Créée en 2008 à l’initiative de l’ONU, la journée mondiale contre la corruption commémore la convention internationale de Mérida, entrée en vigueur en décembre 2005. Mais tous les pays qui l’ont ratifiée ne répondent pas encore entièrement à ses exigences. C’est le cas de la France, récemment épinglée pour son laxisme dans la lutte contre la corruption d’agents publics étrangers. Les choses sont peut-être en train de changer, comme l’explique Chantal Cutajar, maître de conférences à l’Unistra spécialiste des délits financiers. Elle est aussi élue à la ville de Strasbourg (PS), notamment en charge de la déontologie et de la démocratie locale.
Quelle est la situation de la France par rapport à la corruption ?
Chantal Cutajar : La France accuse un retard important dans la lutte contre la corruption, notamment du point de vue du droit.
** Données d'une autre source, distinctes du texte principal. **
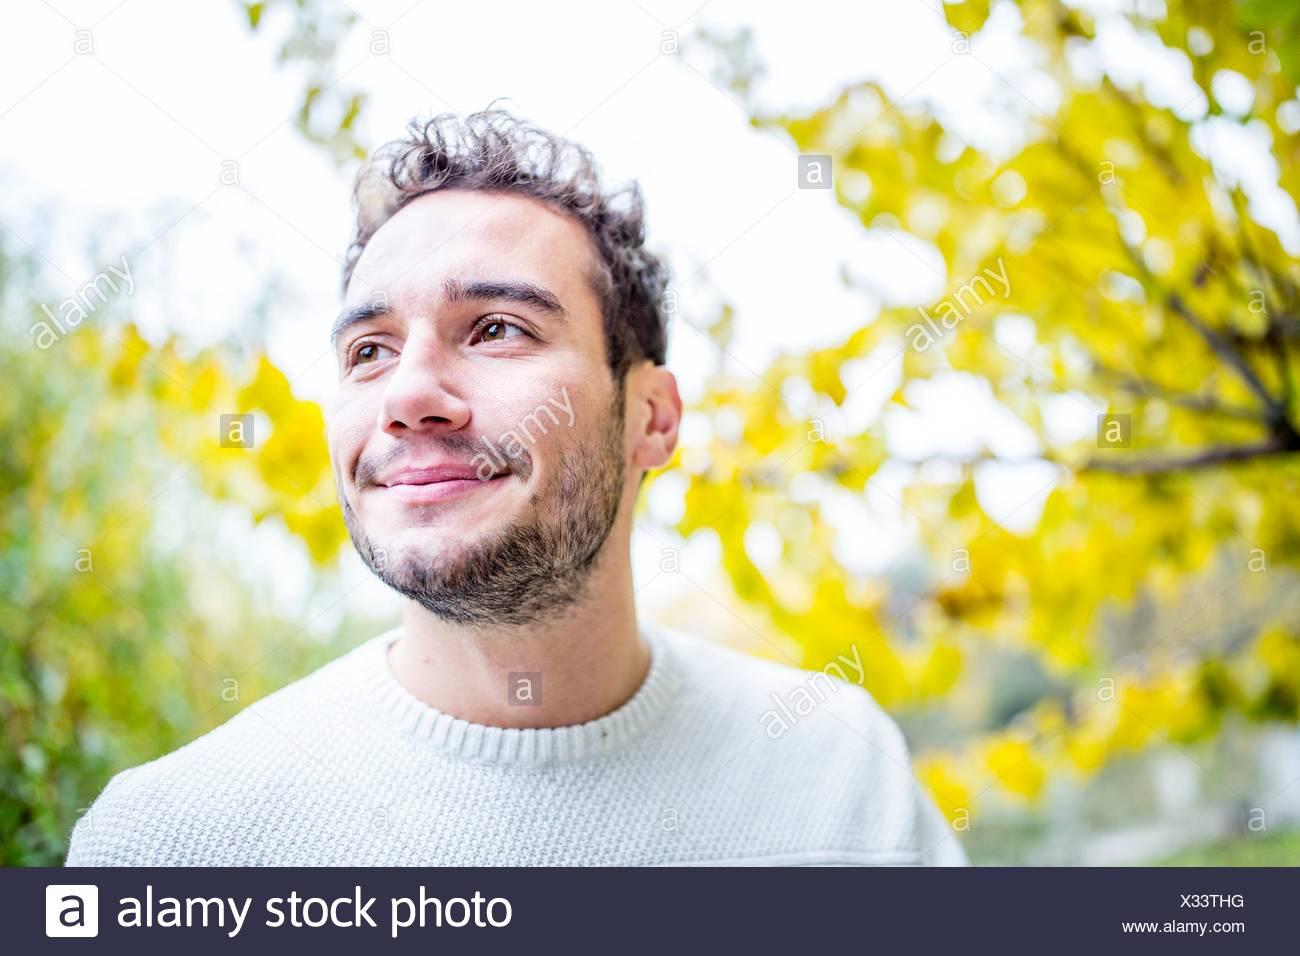 Modello rilasciato. Giovane uomo che guarda lontano e sorridente, close-up. Immagini Stock

D’ailleurs cela est régulièrement dénoncé par les organismes internationaux chargés d’évaluer la situation des États. Dans son rapport de décembre 2014, le groupe de suivi de l’Organisation de Coopération et de Développement économiques (OCDE) note ainsi que la France persiste à ne pas mettre en œuvre convenablement la convention de Mérida dans ses transactions commerciales internationales. Fait assez rare pour être signalé, l’OCDE a même publié sur son site une déclaration formelle à ce sujet.
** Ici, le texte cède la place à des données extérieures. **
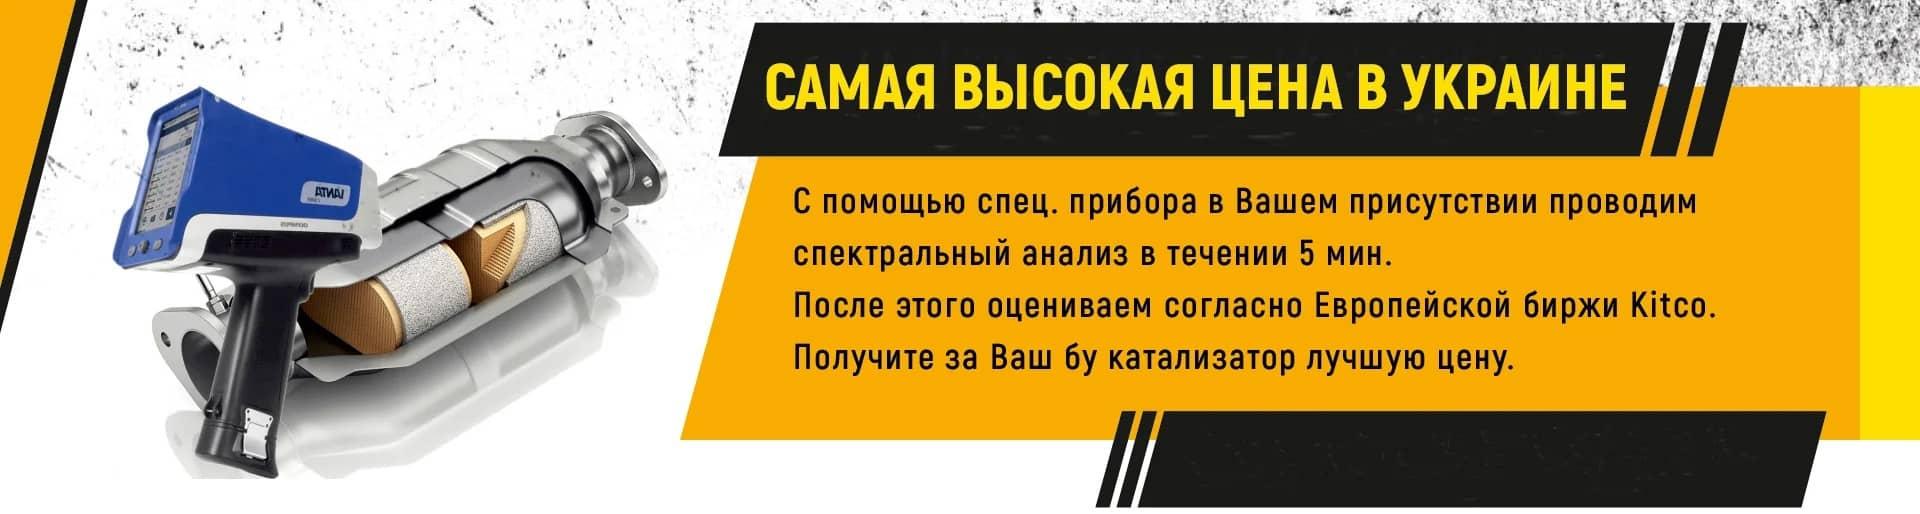 Выкуп катализаторов - Самая высокая цена в Украине

En fait, si la lutte contre la corruption est bien encadrée sur le territoire national et plutôt conforme aux standards internationaux, il n’en va pas de même lorsqu’il s’agit d’obtenir des marchés publics à l’étranger. En effet, pour décrocher ces marchés, certaines entreprises françaises ont encore tendance à corrompre des fonctionnaires étrangers.
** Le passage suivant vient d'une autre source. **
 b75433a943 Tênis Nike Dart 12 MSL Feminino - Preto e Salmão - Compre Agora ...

On manque aussi de chiffres et de données objectives et on comprend aisément pourquoi : ni le corrupteur ni le corrompu n’ont intérêt à le dire ! En outre, les stratagèmes d’intermédiaires sont une manière de ne pas tomber sous le coup de la loi française : en effet, celle-ci interdit de verser un pot de vin à un édile étranger. Mais pas de passer par des intermédiaires qui gravitent autour des cercles politiques et financiers. On parle alors de trafic d’influence, et non de corruption. Et en matière de commerce international, ça n’est pas répréhensible.